Iowa Thoracic Surgery Protocols
Please direct questions and comments to Evgeny V. Arshava, MD evgeny-arshava@uiowa.edu
Also see
Empyema and Parapneumonic Effusions: General Considerations.
Empyema and Trapped lung: Open Drainage and Decortication
Open window thoracostomy
Indications for surgical empyema and parapneumonic effusions drainage / decortication
- Multiloculated pleural effusions
- Fibropurulent phase of empyema (most cases are successfully managed with VATS)
- Fibrous phase of empyema (usually requires thoracotomy)
- Patients with empyema presenting with sepsis, septic shock or acute respiratory failure need to be managed initially with tube thoracostomy, antibiotics and supportive care. Operative drainage and decortication should be postponed until clinical condition stabilizes.
Please note that in case of delayed presentation of chronic effusion or chronic empyema with a trapped lung 4-6 weeks after onset of symptoms, immediate decortication on the peak of inflammatory changes may be complicated with increased risk of air leak and bleeding. In these cases, it may be better to delay elective decortication for few weeks to allow the peak of inflammatory changes in the chest to subside.
Note that most tuberculous effusions will resolve with appropriate antibacterial treatment and pleural drainage should be used selectively.
Thoracoscopic (VATS) versus Open (Thoracotomy) Empyema Drainage and Lung Decortications
- Suctioning and evacuation of the fluid and fibrinopurulent debris from the pleural space id called “Drainage”. Removal of the discrete fibropurulent peel present on the lung and chest wall is called “Decortication”. While this terms commonly used interchangeably, they involved separate technical manipulations.
- Thoracoscopy (VATS) should be the first line approach in all patients with early-stage empyema.

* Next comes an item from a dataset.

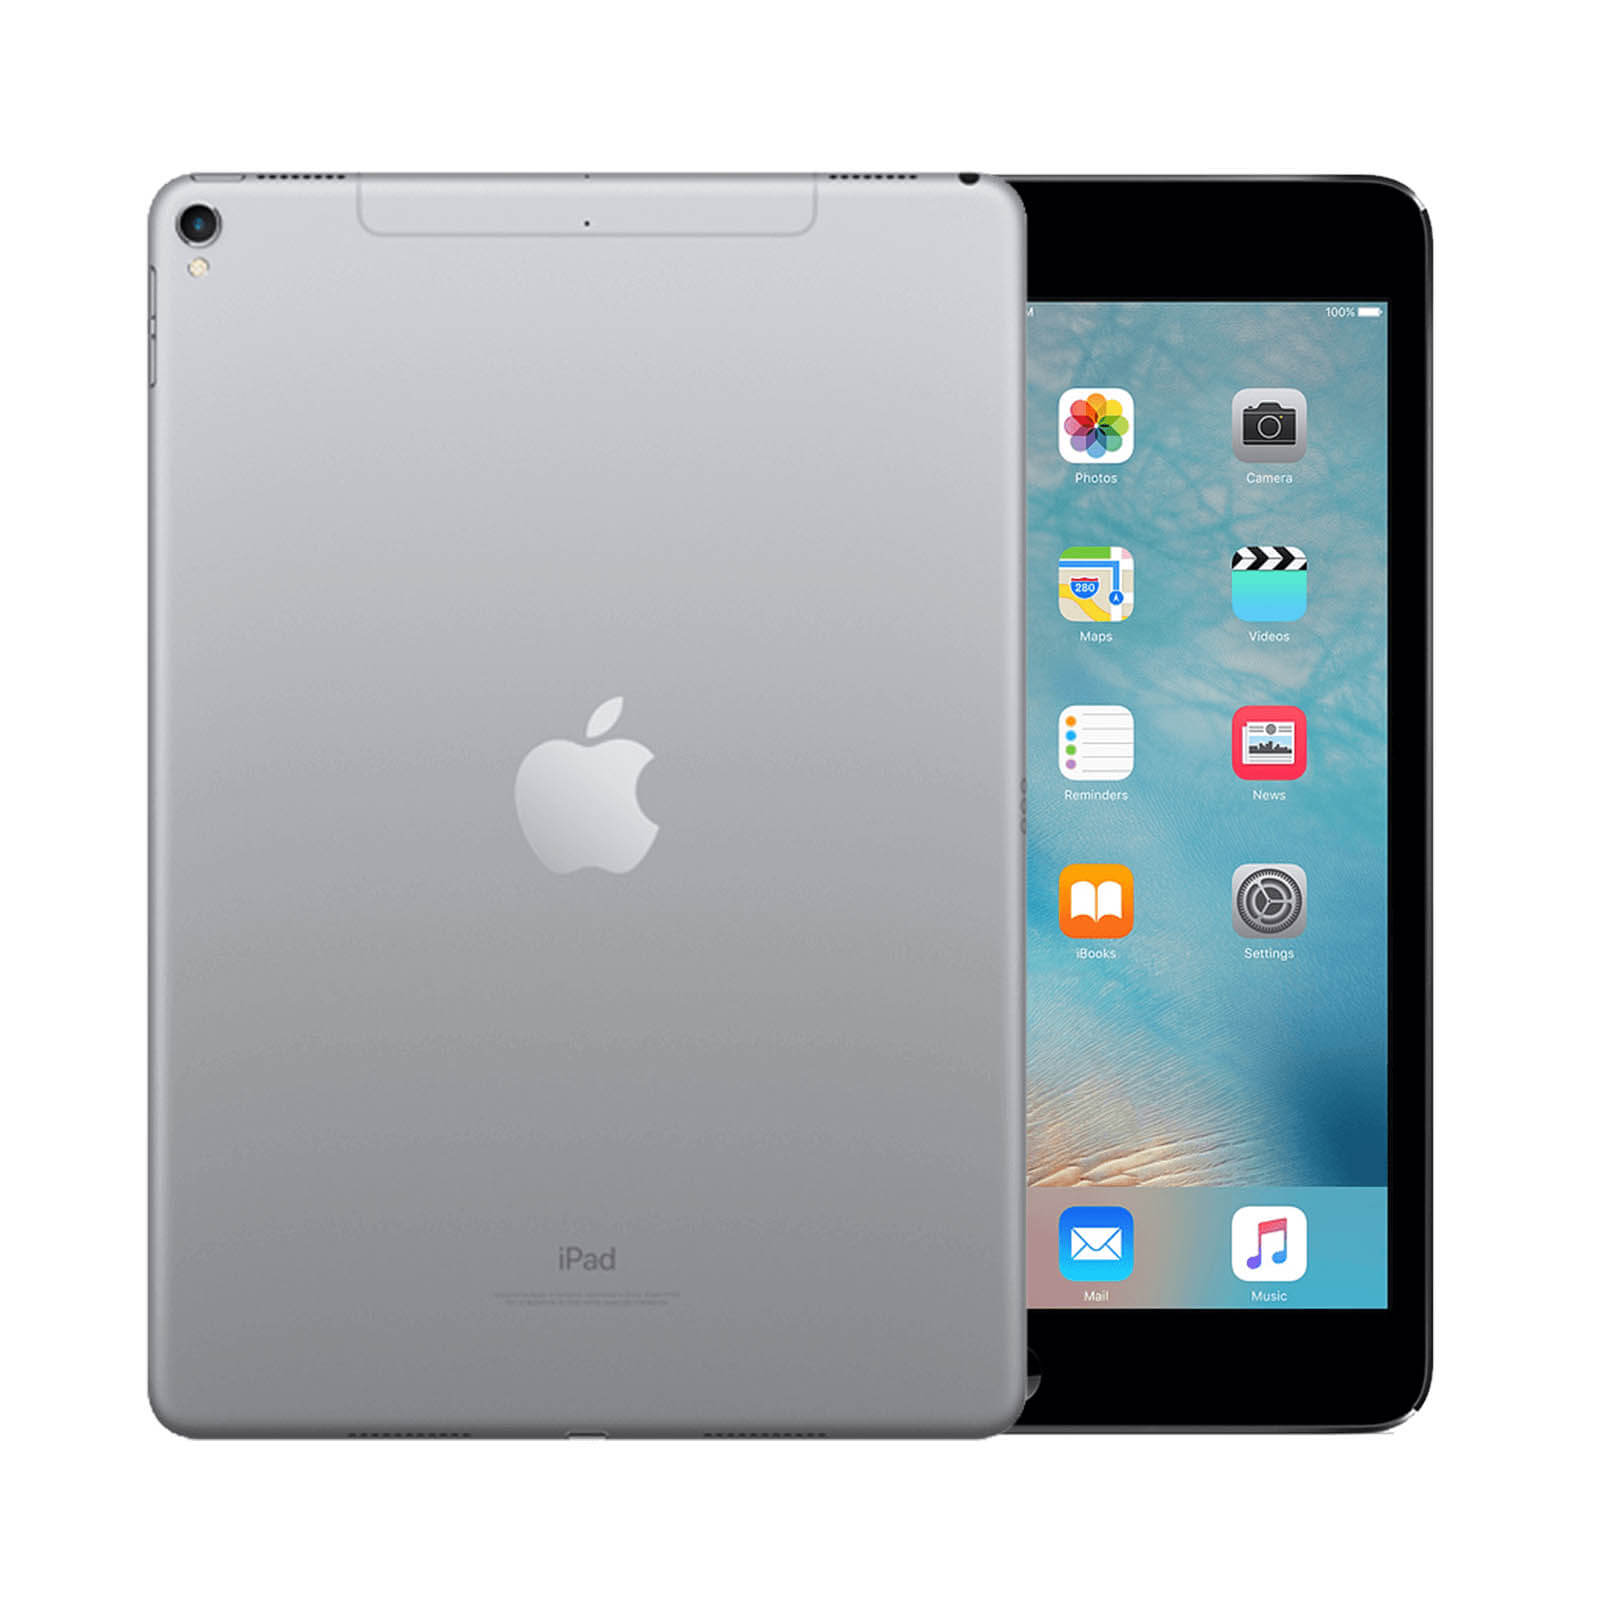 Apple iPad 128GB Ohne Vertrag - Space Grau - Makellos

- VATS approach decreases postoperative pain, decreases blood loss, shortens hospital stay decreases respiratory and other postoperative complications and 30-day mortality.
- There is no downside to attempt VATS drainage/decortication as an initial approach and convert intraoperatively top thoracotomy is anatomy and inflammatory changes are not favorable for minimally invasive approach.
- Robotic assisted decortication has been describe, but are not practical in everyday practice in our opinion.
- Late stages of empyema and fibrothorax require thoracotomy to release trapped lung.
- Need for open window thoracostomy is very rare at present time, but is an effective bail out approach for cases of chronic empyema, especially postoperative.
Contraindications
- Empyema stage III with fibrothorax when VATS is not efficient and safe.
- Prior chest radiation and operations
- Endobronchial obstruction (tumor) with inability to reexpand the lung
- Chronic respiratory failure with ventilation dependence
- Inability to carry single lung ventilation in a patient with limited cardiopulmonary reserve.
- Malignant pleural disease
Potential Complications
- Lung injury with prolonged air leak
- Bleeding and postoperative hemothorax (from to lung injury or due to perioperative hypothermia and coagulopathy)
- Failure of lung re-expansion and recurrent empyema (usually due to failure to completely mobilize and decorticate the lung, including fissure, and drain all loculations
- Phrenic nerve injury
- Diaphragm injury
- Esophageal injury
Preoperative Preparation
- Patients cardiopulmonary condition optimized. Septic patients can be initially managed with tube thoracostomy until stable. Euvolemia and normothermia must be achieved. Sepsis needs to be resolved prior to thoracoscopy.
- Preoperative CT scan of the chest allows identification of loculated fluid pockets and identification of co-existing pathology.
- In cases where CT clearly shows complicated effusions (multiloculated), preoperative thoracentesis is not indicated.
- Empiric intravenous (IV) antibiotics are started preoperatively to treat underlying pneumonia. They may be adjusted based on microbiology reports if thoracentesis was done previously.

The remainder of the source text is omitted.